* _Work order_
Start at the line containing "Chiến hạm Việt" and transcribe every line exactly through the end of the records below, and only those lines.

Extracted records:

===

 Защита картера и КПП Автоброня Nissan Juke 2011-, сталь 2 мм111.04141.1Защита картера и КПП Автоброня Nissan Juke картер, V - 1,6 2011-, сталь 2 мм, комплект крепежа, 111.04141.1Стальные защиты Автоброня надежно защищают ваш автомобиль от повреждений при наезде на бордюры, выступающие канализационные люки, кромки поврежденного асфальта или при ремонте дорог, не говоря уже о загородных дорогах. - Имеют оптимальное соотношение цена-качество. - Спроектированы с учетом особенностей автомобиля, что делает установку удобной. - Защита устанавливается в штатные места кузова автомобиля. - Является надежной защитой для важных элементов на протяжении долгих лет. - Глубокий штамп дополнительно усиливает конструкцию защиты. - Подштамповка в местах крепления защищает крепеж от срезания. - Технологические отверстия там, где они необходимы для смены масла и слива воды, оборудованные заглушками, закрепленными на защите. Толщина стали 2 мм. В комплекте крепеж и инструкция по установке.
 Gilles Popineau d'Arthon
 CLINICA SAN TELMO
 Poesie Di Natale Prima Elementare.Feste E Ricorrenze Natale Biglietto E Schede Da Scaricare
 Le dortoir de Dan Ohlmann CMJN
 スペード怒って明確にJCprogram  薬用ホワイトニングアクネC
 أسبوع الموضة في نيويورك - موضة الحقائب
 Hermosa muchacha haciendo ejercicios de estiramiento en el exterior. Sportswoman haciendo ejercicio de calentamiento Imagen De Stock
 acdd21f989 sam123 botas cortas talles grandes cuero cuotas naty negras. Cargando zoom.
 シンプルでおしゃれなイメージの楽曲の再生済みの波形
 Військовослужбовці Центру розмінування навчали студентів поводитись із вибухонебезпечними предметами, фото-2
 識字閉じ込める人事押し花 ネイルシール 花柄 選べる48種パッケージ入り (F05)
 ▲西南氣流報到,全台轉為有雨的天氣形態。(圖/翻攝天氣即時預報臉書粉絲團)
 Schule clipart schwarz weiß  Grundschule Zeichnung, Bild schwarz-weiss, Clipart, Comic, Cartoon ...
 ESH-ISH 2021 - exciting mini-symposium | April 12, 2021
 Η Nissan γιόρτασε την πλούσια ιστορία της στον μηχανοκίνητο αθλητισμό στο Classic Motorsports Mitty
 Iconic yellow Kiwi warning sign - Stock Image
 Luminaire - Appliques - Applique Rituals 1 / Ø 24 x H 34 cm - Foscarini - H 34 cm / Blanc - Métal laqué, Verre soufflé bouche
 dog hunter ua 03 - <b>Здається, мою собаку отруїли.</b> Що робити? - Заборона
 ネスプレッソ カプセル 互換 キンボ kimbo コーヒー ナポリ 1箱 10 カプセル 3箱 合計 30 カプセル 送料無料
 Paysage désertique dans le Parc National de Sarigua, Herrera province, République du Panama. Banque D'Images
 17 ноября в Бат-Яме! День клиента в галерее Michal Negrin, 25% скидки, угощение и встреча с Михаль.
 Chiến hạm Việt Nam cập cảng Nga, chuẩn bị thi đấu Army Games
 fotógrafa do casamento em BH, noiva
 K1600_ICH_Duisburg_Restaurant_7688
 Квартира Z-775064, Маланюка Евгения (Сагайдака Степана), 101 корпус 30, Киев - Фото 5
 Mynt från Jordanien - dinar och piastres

===

* _Result of the exercise_
 Chiến hạm Việt Nam cập cảng Nga, chuẩn bị thi đấu Army Games
 fotógrafa do casamento em BH, noiva
 K1600_ICH_Duisburg_Restaurant_7688
 Квартира Z-775064, Маланюка Евгения (Сагайдака Степана), 101 корпус 30, Киев - Фото 5
 Mynt från Jordanien - dinar och piastres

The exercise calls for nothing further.